Colossus at 75, ITV Anglia News 29 May 2019

ITV Anglia’s report on Colossus at 75 in the run-up to D-Day anniversary at The National Museum of Computing. Includes archive footage of Tommy Flowers, creator of Colossus, and an interview with nonagenarian wartime Wren Irene Dixon. Footage courtesy ITV Anglia.
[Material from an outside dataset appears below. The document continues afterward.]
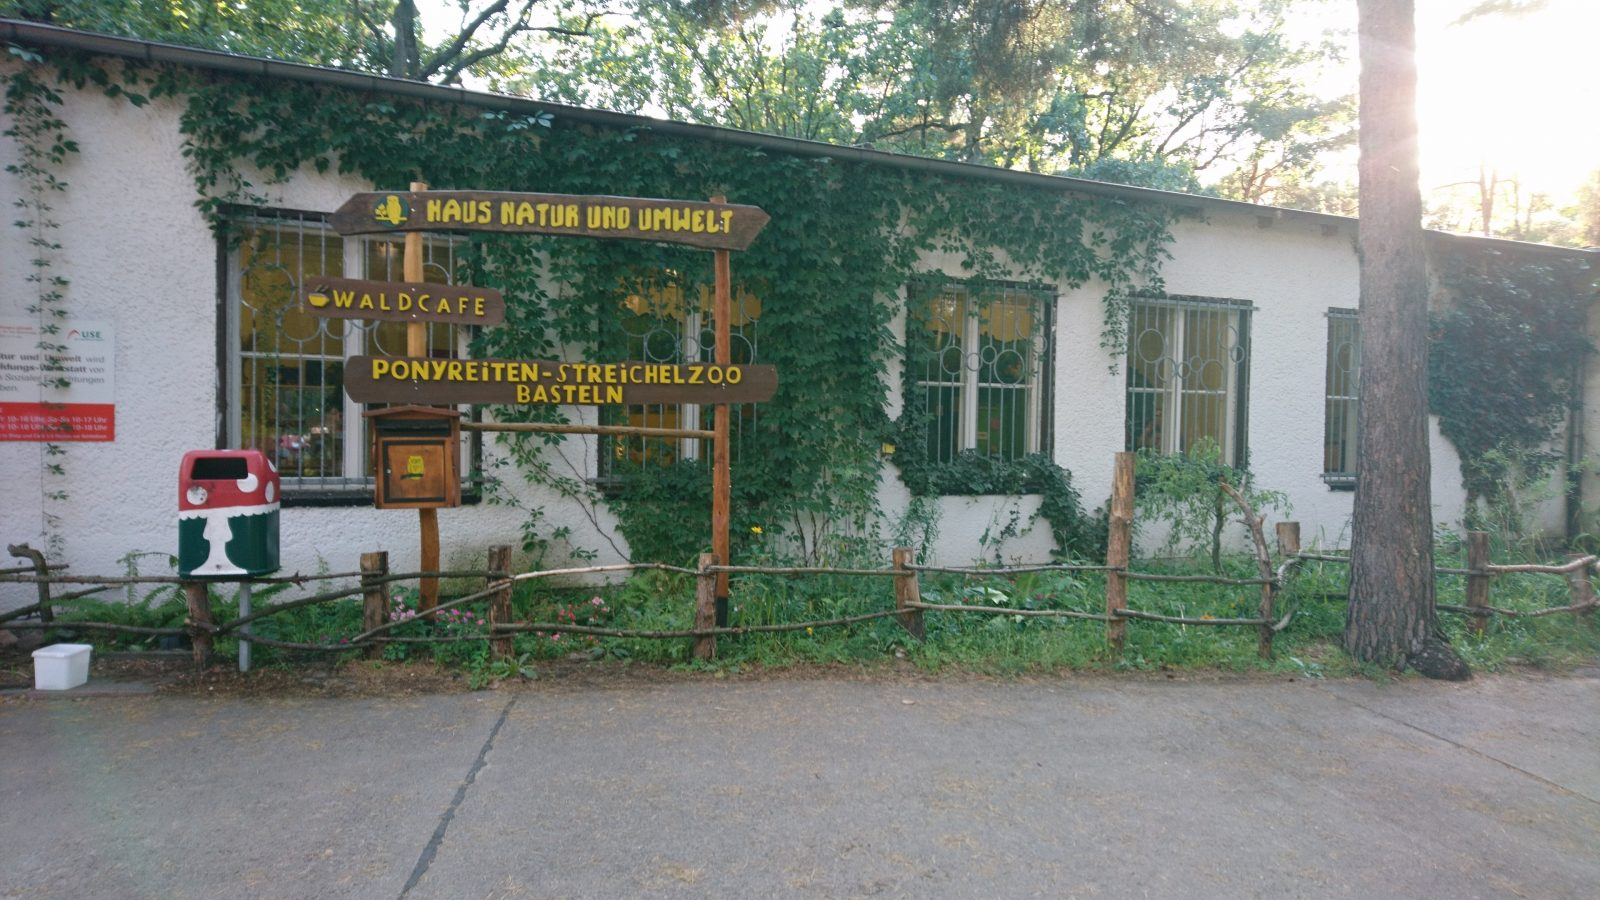 Ein Besuch im Haus Natur und Umwelt in Berlin

Colossus was a set of computers developed by British codebreakers in the years 1943–1945 to help in the cryptanalysis of the Lorenz cipher. Colossus used thermionic valves (vacuum tubes) to perform Boolean and counting operations. Colossus is thus regarded as the world’s first programmable, electronic, digital computer, although it was programmed by switches and plugs and not by a stored program.

Tommy Flowers

Colossus was designed by research telephone engineer Tommy Flowers to solve a problem posed by mathematician Max Newman at the Government Code and Cypher School (GC&CS) at Bletchley Park. Alan Turing’s use of probability in cryptanalysis (see Banburismus) contributed to its design. It has sometimes been erroneously stated that Turing designed Colossus to aid the cryptanalysis of the Enigma.  Turing’s machine that helped decode Enigma was the electromechanical Bombe, not Colossus.